HER2 overexpression is observed in up to 20% of NSCLC patients, with the highest level of expression (IHC 3+) present in approximately 3% of cases. Dr. Yang pointed out that there is no correlation between HER2 mutation status and overexpression, which is critical for treatment decisions. The FDA’s recent approval of fam-trastuzumab deruxtecan-nxki (T-DXd; Enhertu) for HER2-positive solid tumors, including NSCLC patients who have undergone prior treatment, was supported by the phase 2 DESTINY-Lung01 study. Dr. Yang suggested that the HER2 scoring guidelines used for gastric cancer should also apply to NSCLC testing.
In addition to HER2, c-MET overexpression is prevalent in NSCLC, with actionable c-MET-high status—defined as over 50% of tumor cells showing 3+ staining—found in up to 17% of EGFR wild-type cases. The FDA granted accelerated approval to telisotuzumab vedotin-tllv (teliso-V; Emrelis) for this patient population, drawing on data from the phase 2 LUMINOSITY trial.
Dr. Yang acknowledged that the integration of HER2 and c-MET IHC screening presents challenges to existing diagnostic workflows. He proposed a flexible approach with standardized options, allowing institutions to tailor workflows based on their resources and multidisciplinary input.
Emerging biomarkers also promise to refine personalized treatment for NSCLC patients. KRAS mutations, present in up to 40% of lung adenocarcinomas, are particularly noteworthy. The KRAS G12C mutation is the most frequently occurring, followed by G12V and G12D mutations. Dr. Yang noted that G12D mutations are often linked to a history of light or no smoking, a lower tumor mutational burden, and reduced PD-L1 expression, resulting in poorer responses to chemoimmunotherapy.
Targeted therapies such as sotorasib (Lumakras) and adagrasib (Krazati) are already established for KRAS G12C, while ongoing clinical trials are exploring therapies for other KRAS mutations. Dr. Yang highlighted the promising results of zoldonrasib (RMC-9805), a KRAS G12D inhibitor, which demonstrated a 61% overall response rate in an early-phase study.
Furthermore, mutations in the tumor suppressor genes STK11 and KEAP1 are found in up to 20% of lung cancers and often co-occur with KRAS mutations. These mutations can create an immunosuppressive tumor environment, contributing to primary resistance to immunotherapy. Dr. Yang referenced the phase 3 POSEIDON trial, which investigated the combination of the PD-L1 inhibitor durvalumab (Imfinzi) and the CTLA-4 inhibitor tremelimumab with chemotherapy.

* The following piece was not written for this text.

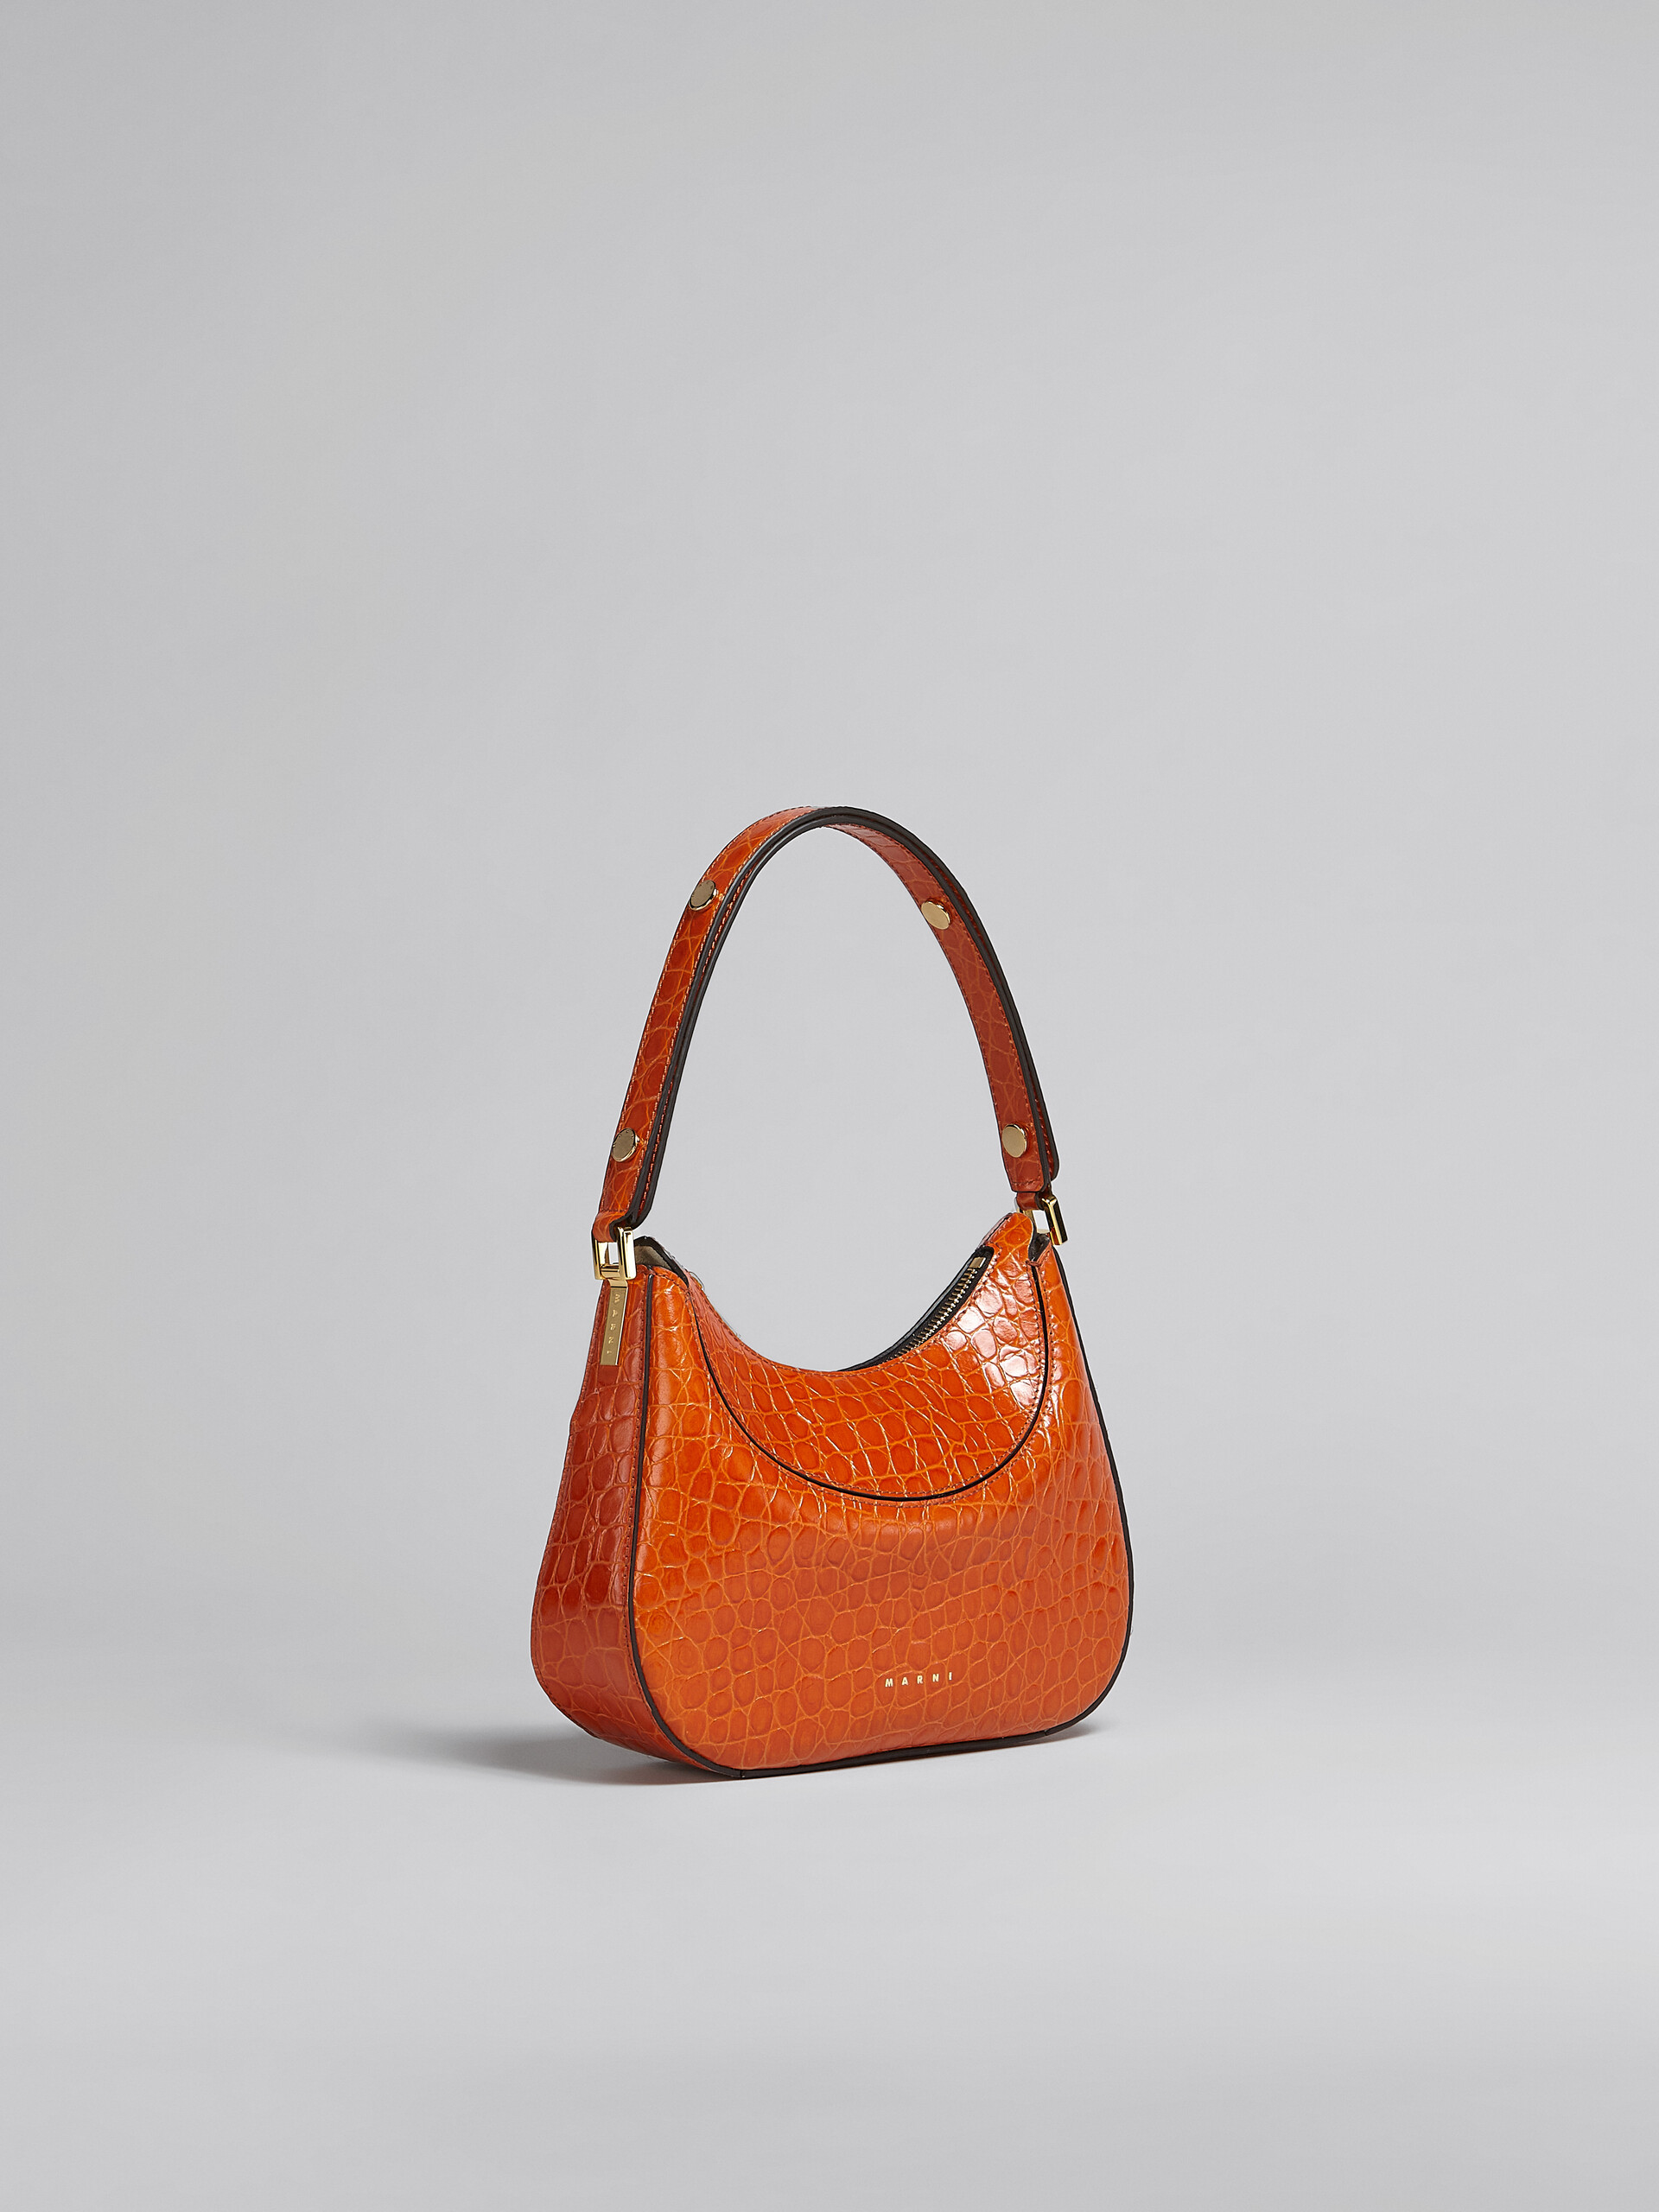 Milano Mini Bag in orange croco print leather - Handbags - Image 6

The trial suggested that this combination could enhance the effectiveness of treatment in patients with STK11/KEAP1 mutations.

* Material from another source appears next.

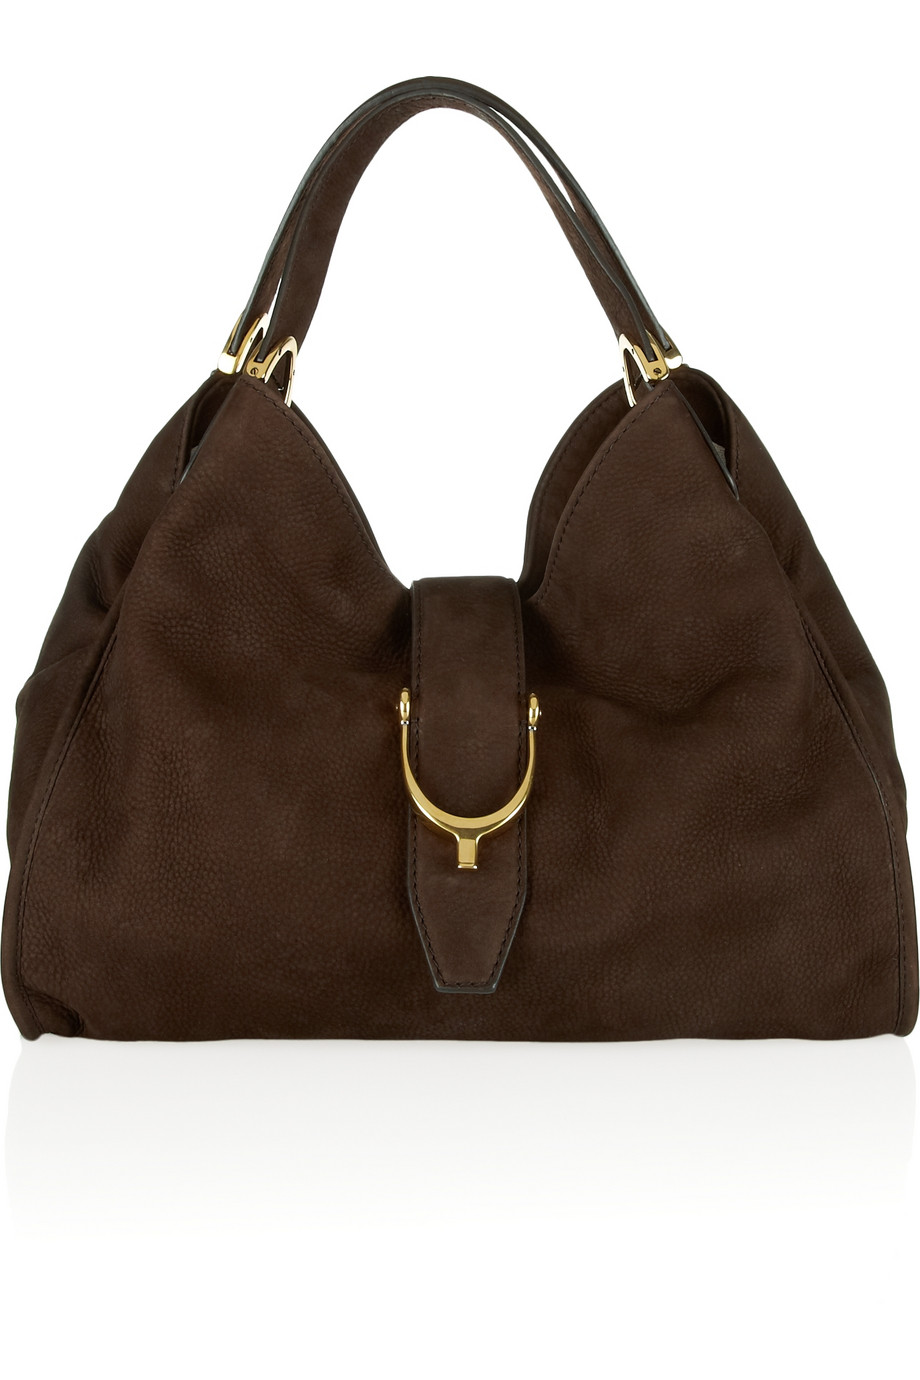 Gucci Soft Stirrup Nubuck Suede Shoulder Bag in Brown (cocoa) | Lyst

Another area of investigation involves the MTAP gene, whose deletion is associated with poor outcomes in lung cancer. Dr. Yang explained that targeting this deletion could create vulnerabilities in cancer cells through a technique known as synthetic lethality. Detection methods for MTAP deletions include NGS and IHC, with Dr. Yang advocating for an initial NGS screening followed by confirmatory IHC testing for ambiguous cases.
Dr. Yang also highlighted TROP2 as a potential target for ADC development, noting that datopotamab deruxtecan-dlnk (Dato-DXd) showed promise in a phase 3 study. Although the trial demonstrated progression-free survival benefits, it did not establish a significant overall survival advantage. The study utilized AI-driven methods to enhance predictive power, creating a quantitative scoring system for TROP2 expression.
As the field of lung cancer treatment evolves, the focus is expanding beyond genetic analysis to include a comprehensive approach that integrates protein analysis, AI insights, and innovative therapeutic strategies. Dr. Yang concluded that the next few years will be crucial for establishing broad-panel NGS and IHC, along with AI, as foundational elements of biomarker testing in lung cancer management.